3.3 Diagramme en violon

Le graphique en violon est constitué de deux graphiques de densité en miroir. Le résultat fait penser un peu à un violon pour une distribution bimodale. Cette représentation est visuellement très convaincante lorsque la variable étudiée contient suffisamment d’observations pour permettre de déterminer précisément sa distribution (plusieurs dizaines ou centaines d’individus mesurés).

Graphe en violon de la distribution de la taille en fonction des groupes taxonomiques dans un échantillon de zooplancton. Les couleurs pour les axes servent à mettre des éléments en évidence. En pratique, les axes seront noirs.

Figure 3.10: Graphe en violon de la distribution de la taille en fonction des groupes taxonomiques dans un échantillon de zooplancton. Les couleurs pour les axes servent à mettre des éléments en évidence. En pratique, les axes seront noirs.

Les instructions en R pour produire un diagramme en violon à l’aide de la fonction chart() sont présentées ci-dessous. Comme le jeu de données zooplankton contient 17 classes différentes, nous décidons ici d’en extraire un sous-tableau ne contenant que les quatre classes de crustacés copépodes à l’aide d’une fonction filter(). Pour l’instant, retenez simplement que ce genre de remaniement de tableau est possible. Nous étudierons ces fonctions plus en détail dans les modules 5 et 6. Notre tableau réduit à quatre classes se nomme zooplankton_sub et c’est à partir de lui que nous réalisons notre graphique.

# Importation du jeu de données
zooplankton <- read("zooplankton", package = "data.io", lang = "FR")
# Réduction du jeu de données 
zooplankton_sub <- filter(zooplankton,
  class %in% c("Annélide", "Calanoïde", "Cyclopoïde", "Décapode"))
# Réalisation du graphique
chart(data = zooplankton_sub, size ~ class) +
  geom_violin()
Distribution des tailles pour 4 groupes taxonomiques de zooplancton.

Figure 3.11: Distribution des tailles pour 4 groupes taxonomiques de zooplancton.

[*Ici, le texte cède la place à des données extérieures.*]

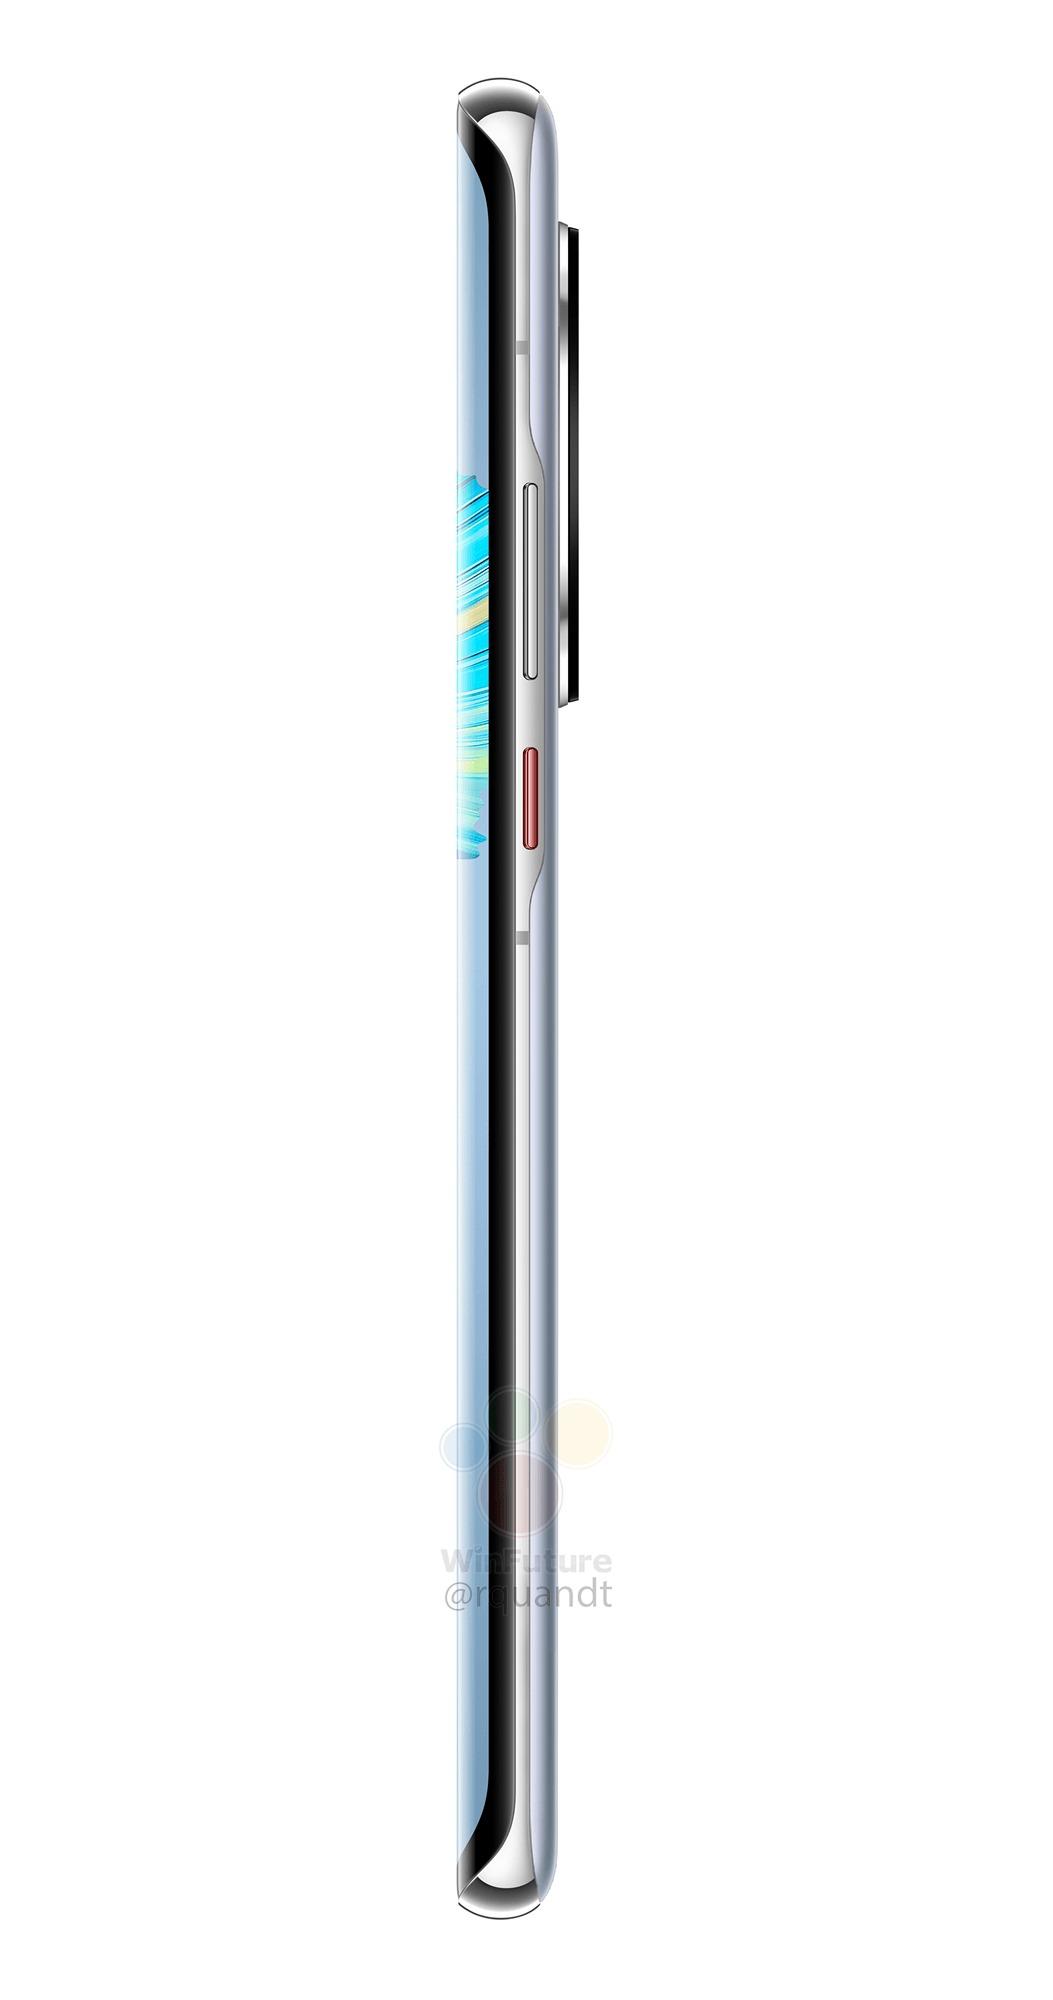 Huawei-Mate-40-Pro-1602925292-0-0

Ici, la formule fournie à chart() indique la variable numérique à représenter par un graphe de densité dans le terme de gauche, et la variable facteur qui découpe l’échantillon en classes à droite : YNUM (size) ~ XFACT (class). Pour réaliser un graphique de densité vous devez ensuite ajouter la fonction geom_violin(). Vous pouvez aussi utiliser %fill=% pour colorer vos différents graphes en fonction de la variable facteur également, comme dans la Fig. 3.10.

Pièges et astuces

Parfois, les labels sur l’axe des abscisses d’un diagramme en violon apparaissent trop rapprochés et se chevauchent, comme ci-dessous.

chart(data = zooplankton, size ~ class) +
  geom_violin() 
Distribution de tailles des 17 classes d'organismes planctoniques (diagramme en violon).

Figure 3.12: Distribution de tailles des 17 classes d’organismes planctoniques (diagramme en violon).

La fonction coord_flip() permute les axes. Ainsi les libellés ne se chevauchent plus sur l’axe des ordonnées.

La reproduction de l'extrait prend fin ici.